Because unit of work remembers all the work related to it sometimes it is called “session cache” or “1st level cache”. This “cache” however does not survive the unit of work itself and talking about cache gives this pattern additional – and confusing – meaning.

After all the years of experience with Session and EntityManager it was actually really refreshing to read about the unit of work pattern, to see what operations are typical for it, to have it explicitly stated and also to read Fowler’s speculation how it will be used and implemented – all written back in 2002, and most of it still valid!

Declarative transactions

JPA has basic transaction support, but when it comes to declarative transactions they are part of Java Transaction API (JTA). JPA and JTA are seamlessly integrated from programmer’s point of view that we simply take @Transactional support for granted.
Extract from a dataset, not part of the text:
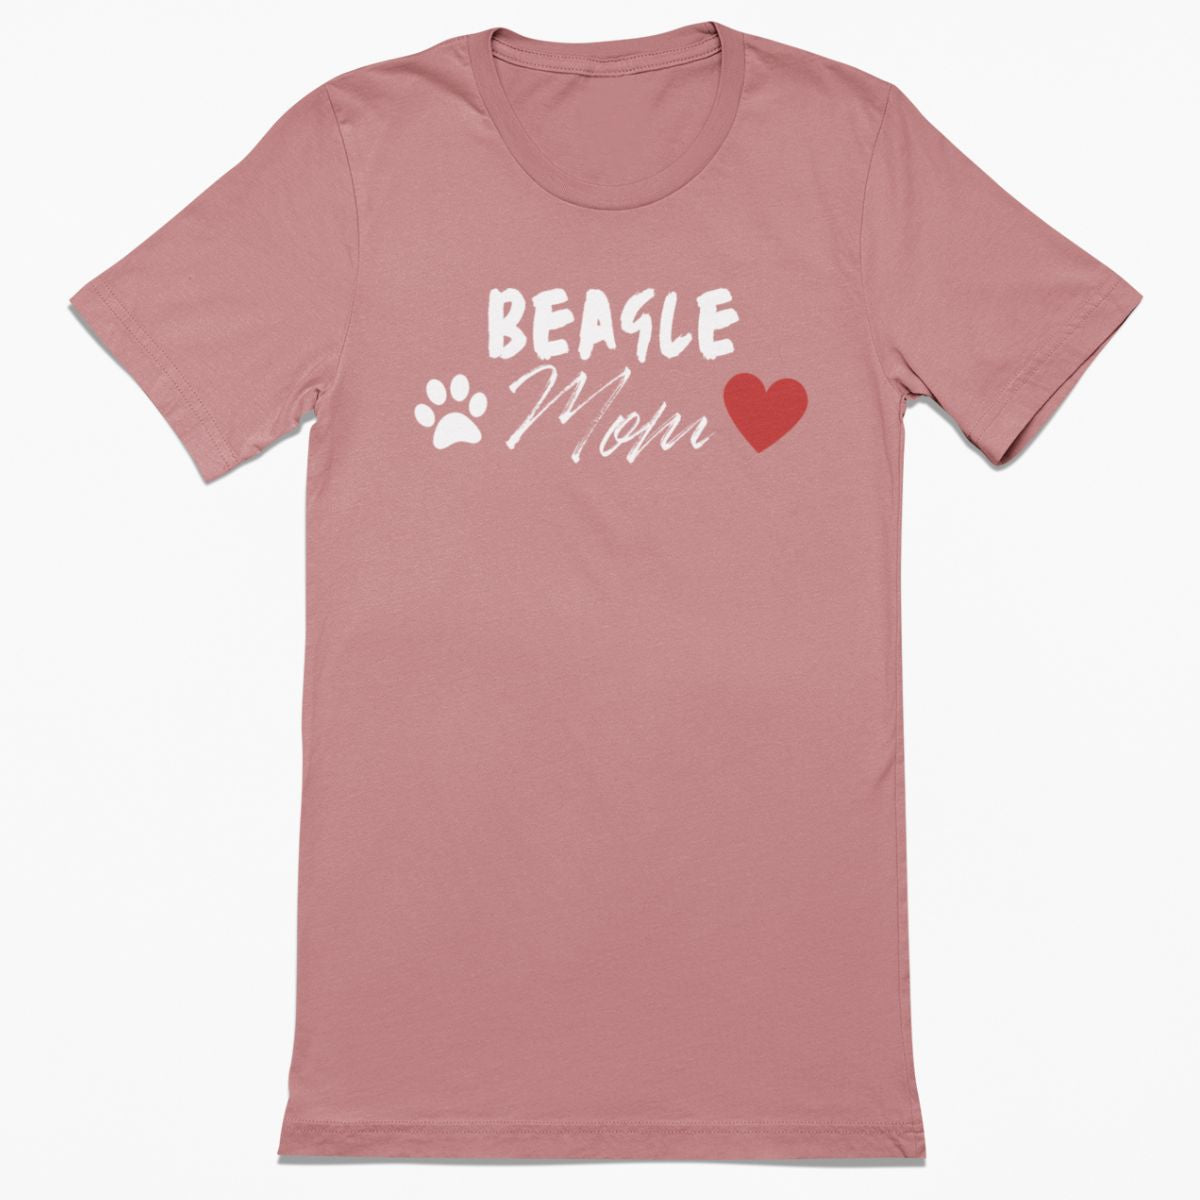 Beagle Mom Shirt

Programmatically we can get to the transaction using EntityManager’s getTransaction() method. This returns EntityTransaction implementation that allows us to check whether a transaction is active or not, begin one, commit or rollback. This is all good for simple cases while using transaction-type set to RESOURCE_LOCAL in our persistence.xml – typical for SE deployment. But in Java EE world (or when using Spring, even outside of application server) we’ll probably use @Transactional annotation for declarative transactional management, possibly to join a distributed transaction if necessary.

We will not cover transaction management, there are better resources and plenty of blogs. I can recommend [ProJPA2] which covers both @Transactional and @TransactionalAttribute annotations, and much more. A bit of a warning for Spring users. We can use their @Transactional annotation, this way we can even mark transaction as read-only when needed, but we cannot mix both @Transactional annotations at will as they work differently. It is advisable to use only Spring’s annotation in Spring environment.

Other JPA 2.1 goodies

We talked about custom converters already, but JPA 2.1 brought much more. Let’s cover the most interesting points quickly:

  • As 2.0 brought Criteria, 2.1 extended their usage for updates/deletes as well (although I’d use Querydsl for all these cases).
  • We can now call stored procedures in our queries.
  • We can map results into constructors and create custom DTO objects for specific queries (again, Querydsl has it too and it works for older JPAs).
  • Feature called entity graph allows us to define what relations to load in specific situations and then to fetch relations marked as lazy when you know up-front you will need them. I’m not covering this in the book.
  • There’s also an option to call any custom FUNCTION from JPQL. This means also native functions of a particular database if needed. While we limit ourselves to that vendor (or we need to rewrite it) it allows us to perform duties beyond and above JPA’s built-in functions.
  • JPA 2.1 also specifies properties that allow us to generate database schema or run SQL scripts, which unifies this configuration for various JPA providers.

For the whole list see either this part of Java Persistence wikibook or this post covering the features even better.